Now! The next step is to pull another dump of the GPIO range, but this time whilst holding down C3 on the keyboard. Then, compare it with our first clean dump.
$ hexdump per_gpio.bin > per_gpio.hex $ hexdump per_gpioC3.bin > per_gpioC3.hex $ diff per_gpio.hex per_gpioC3.hex 16c16 < 0000310 00c0 0000 0007 0000 0001 0000 0000 0000 --- > 0000310 00c0 0000 0004 0000 0001 0000 0000 0000
Well whoda thunk it. We can see that bits 0 and 1 of offset 0x315 are zeroed when we hold down C3. How about C#3?
$ diff per_gpio.hex per_gpioCsh3.hex 15,16c15,16 < 0000300 0407 0000 0000 0000 0000 0000 320f 0000 < 0000310 00c0 0000 0007 0000 0001 0000 0000 0000 --- > 0000300 0407 0000 0000 0000 0000 0000 320e 0000 > 0000310 00c0 0000 0003 0000 0001 0000 0000 0000
Interesting. Bit 2 of 0x315 and bit 0 of 0x30d got zeroed that time. Strangely, this only worked for keys C3 to D#3, and the two octave buttons. Where's the rest of the keys and the two wheels? Or the key velocity? Given that the wheels are just potentiometers wired to the main board, I have a good feeling that they'd use the M3's built in analog-to-digital converter, but at a guess I'd say the block of code responsible for activating the ADC sampling wasn't being hit, so no dice.

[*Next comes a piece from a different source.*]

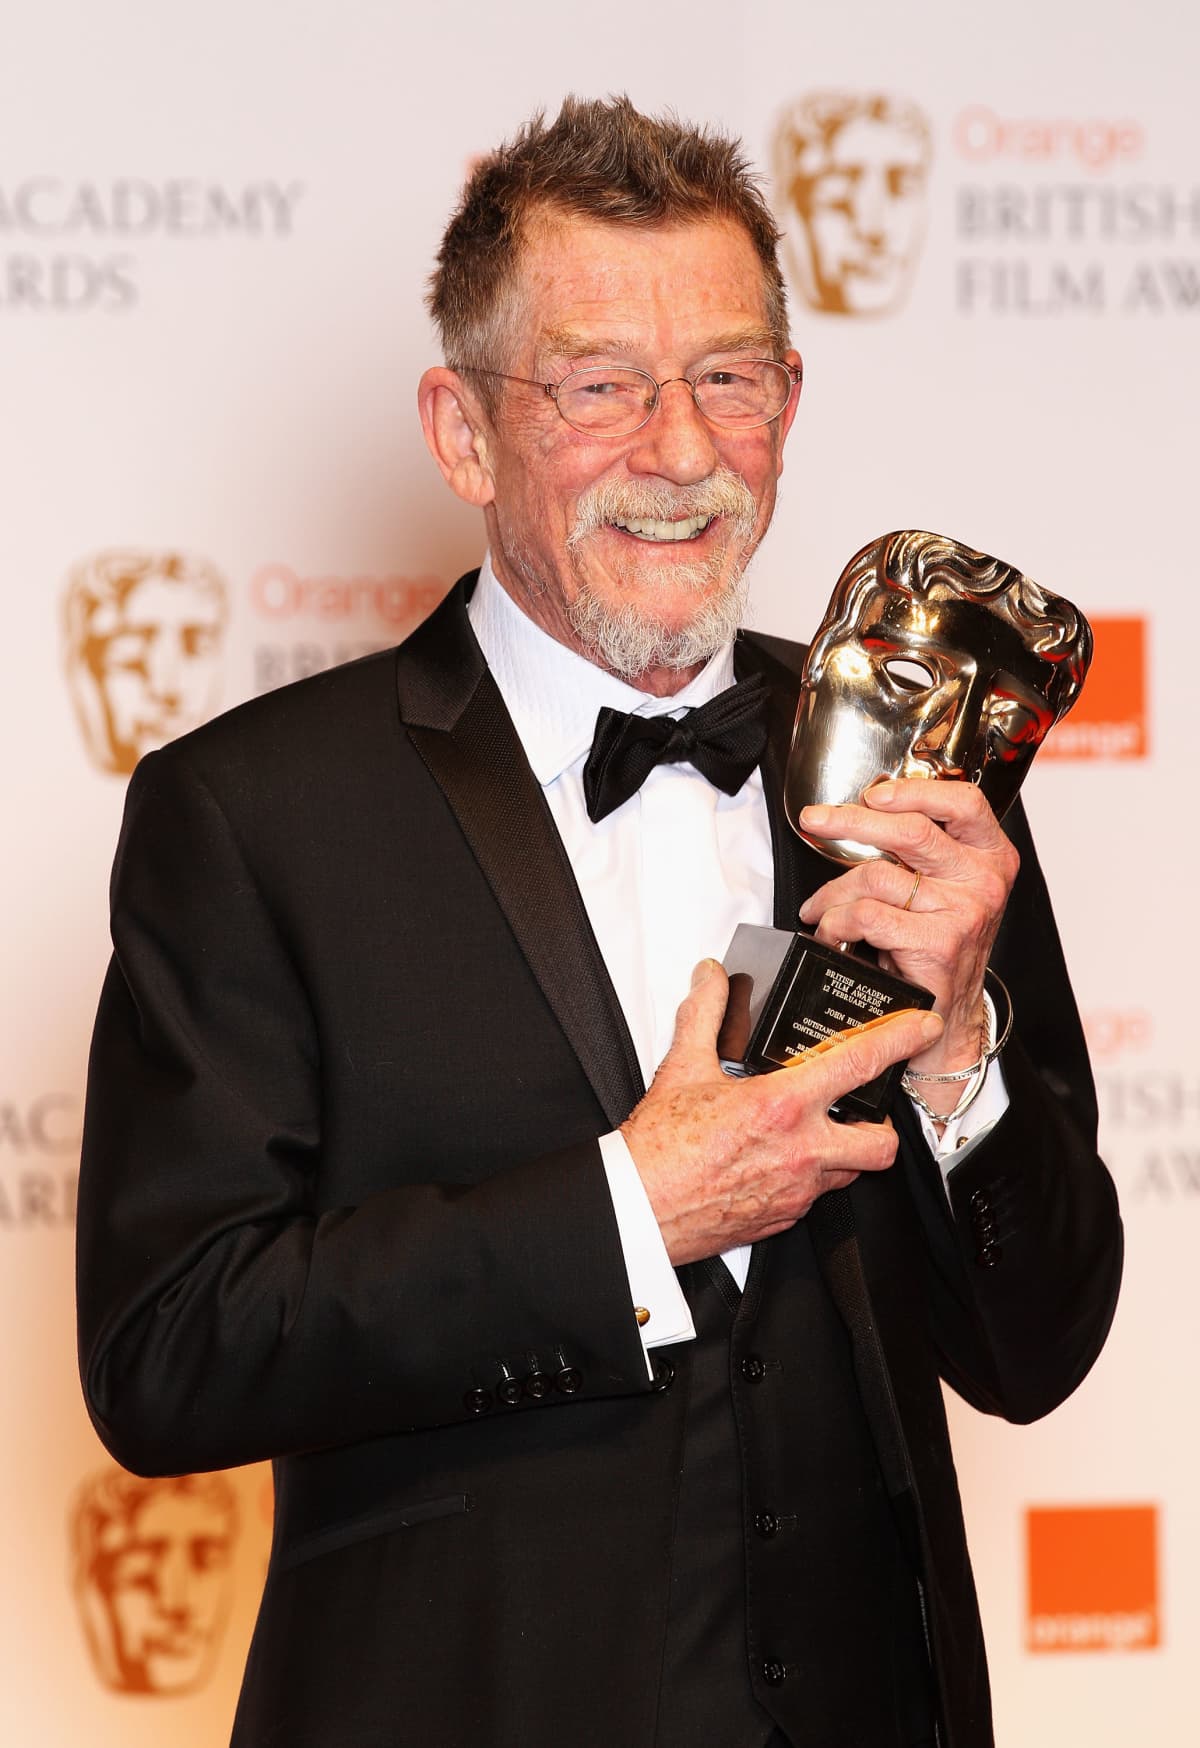 LONDON, ENGLAND - APRIL 10:  John Hurt is awarded the Liberatum cultural honour at W hotel, Leicester Sq on April 10, 2013 in London, England.  (Photo by Nick Harvey/WireImage)

Okay, so far this seems like a distraction. The Cortex M3 is alive and well; at a guess from stepping through the code with the J-Link I'd say it was stuck in a holding pattern waiting for the USB interface to come up. That leaves the GL850G USB hub-on-a-chip, which has the M3 wired up to one of the downstream inputs, along with the two female USB connectors. Everything we care about is getting 5V; the M3, the hub, and the two USB ports. What's not happening is a proper USB handshake!
And sadly, this is where the current line of investigation stops. The GL850G doesn't have a JTAG/SWD interface; the datasheet does mention a TEST mode and an I2C interface, but buggered if I know how those work (the datasheet certainly doesn't say), and I'm not keen on soldering more stuff to the microscopic chip legs. Dumping the USB traffic using the Linux usbmon driver doesn't reveal anything new; just like the dmesg output says, the device fails to identify itself at seemingly random points during the initial handshake. I guess the next level down from there would be to try a USB logic analyser like the Beagle 12, or maybe one of those fancy digital oscilloscopes that support USB TX, but those cost more than 500 dollars! I think the new plan will be to buy a totally-not-bootleg replacement GL850G on eBay (hello China!), then have a stab at desoldering the current one without ruining everything. Plan C is buy a used microKEY 37 on eBay and steal the main board.
Still, using the J-Link was a fun experience. For anyone looking to brush up their reverse engineering know-how, I highly recommend finding some hardware with one of these Cortex M3 SOCs inside and having a go debugging it with a J-Link. As a beginner to assembly language, I was quite impressed with how easy to read the Cortex M3 instructions were. Then again my last experience was reading 16-bit x86, which even the fans will tell you is a horrific architecture with no redeeming qualities, except maybe the power to induce vomiting. If the GL850G transplant works, we'll be sure to pick up where we left off and continue exploring the many nooks and crannies of the microKEY hardware.